*RECORDED DATA*:
++++

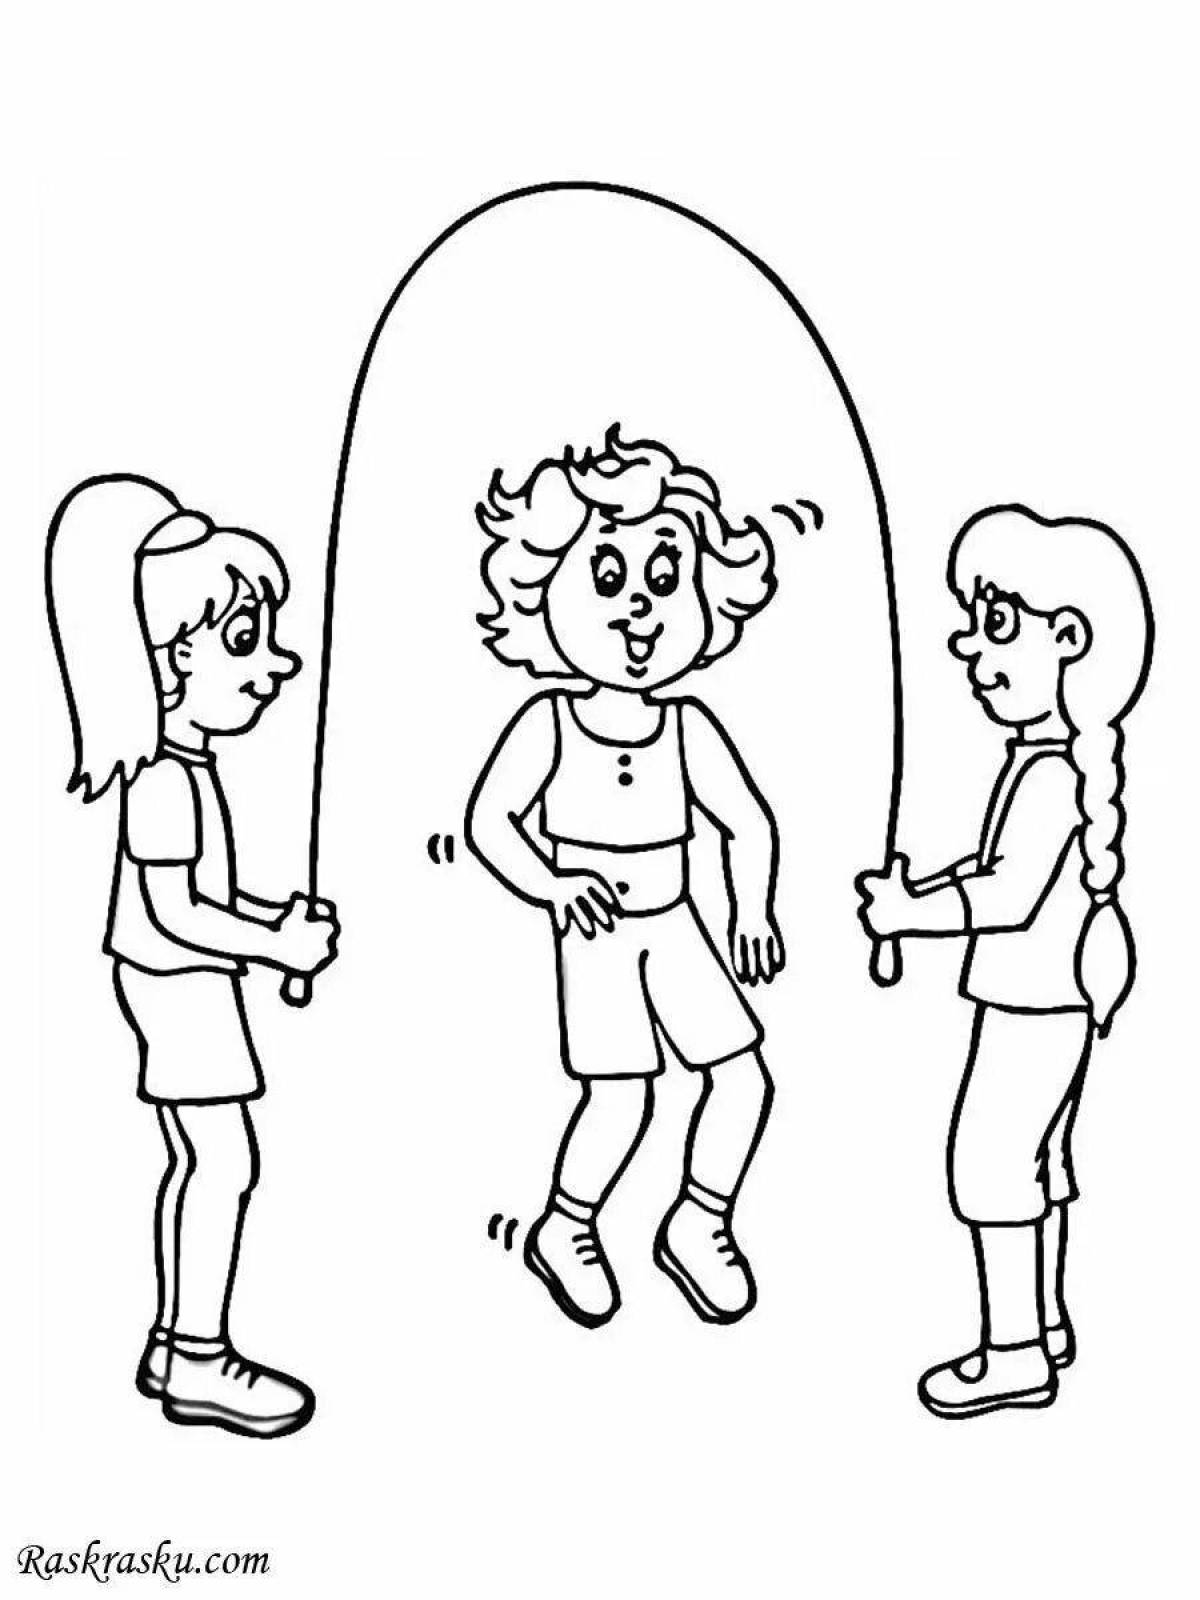 Inspirational classic coloring pages
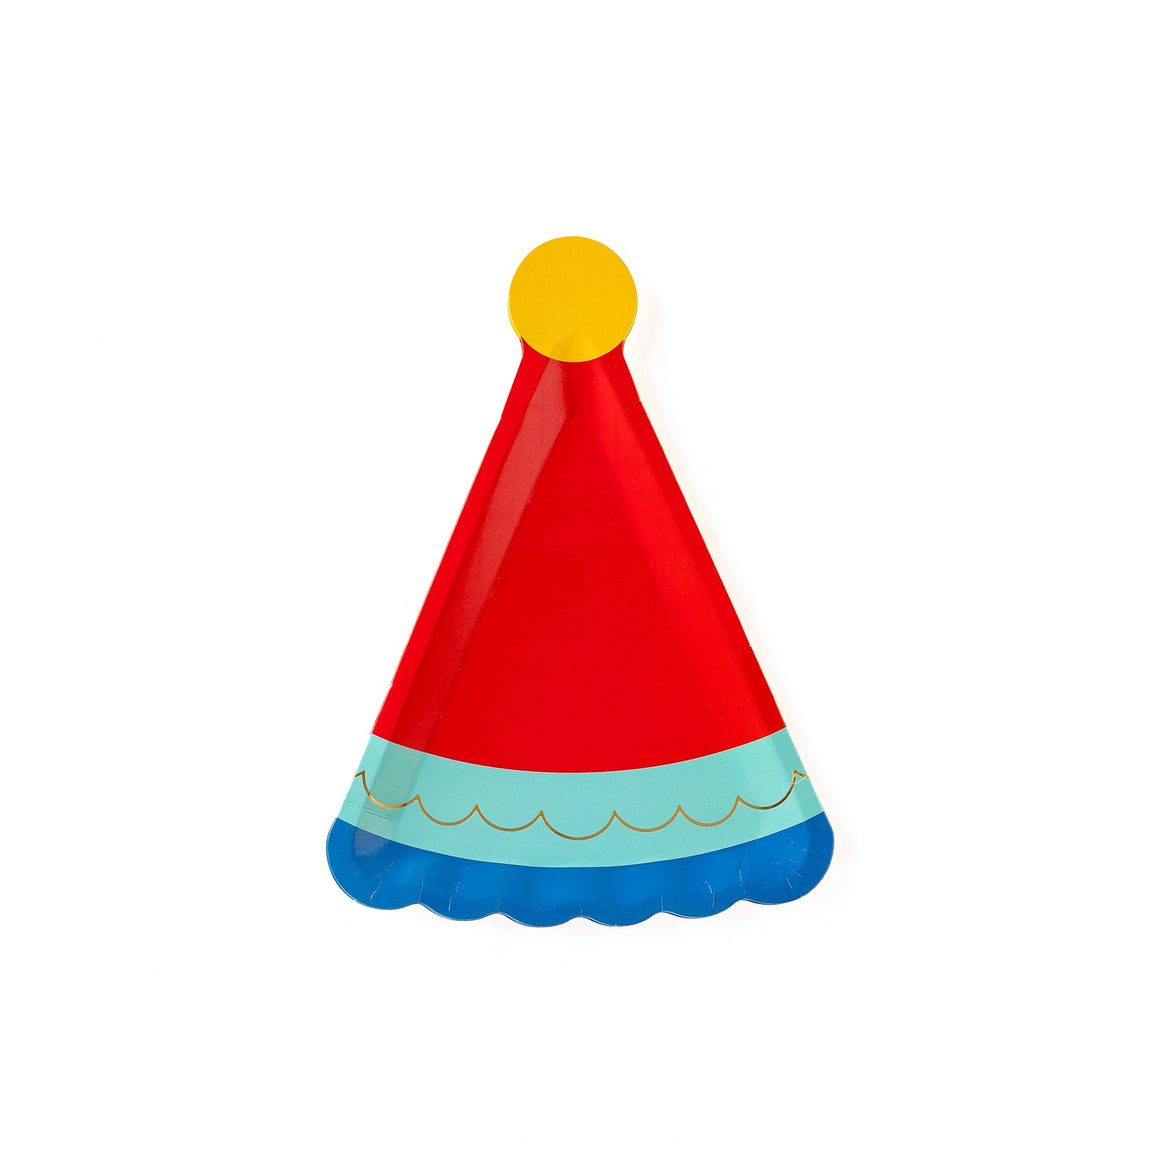 Blue birthday hat shaped paper plate.
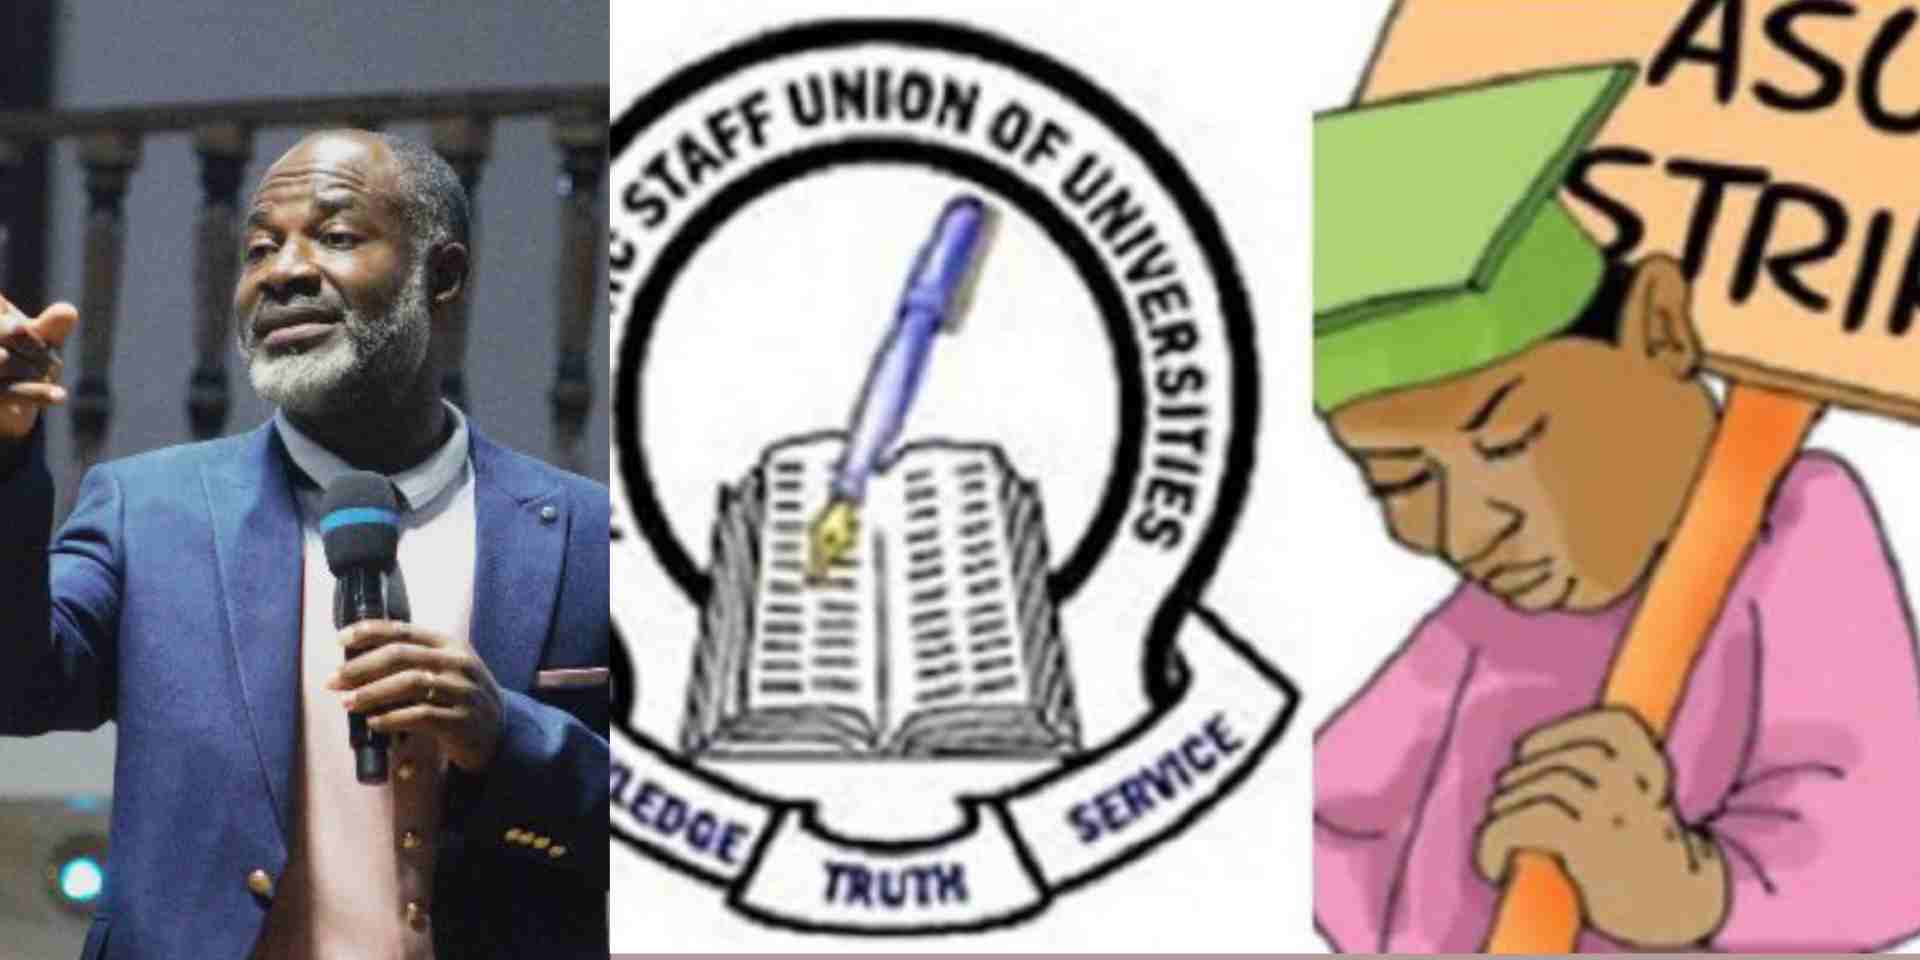 "Na wetin dey impossible my God dey do" - Pastor who claimed ASUU strike will end on 17th June reacts after clip went viral (Video)

++++

*EXERCISE INSTRUCTIONS*: The whole listing should be transcribed exactly, though its pictures must be left out.

*SOLUTION FOR THIS EXERCISE*:
 Inspirational classic coloring pages
 Blue birthday hat shaped paper plate.
 "Na wetin dey impossible my God dey do" - Pastor who claimed ASUU strike will end on 17th June reacts after clip went viral (Video)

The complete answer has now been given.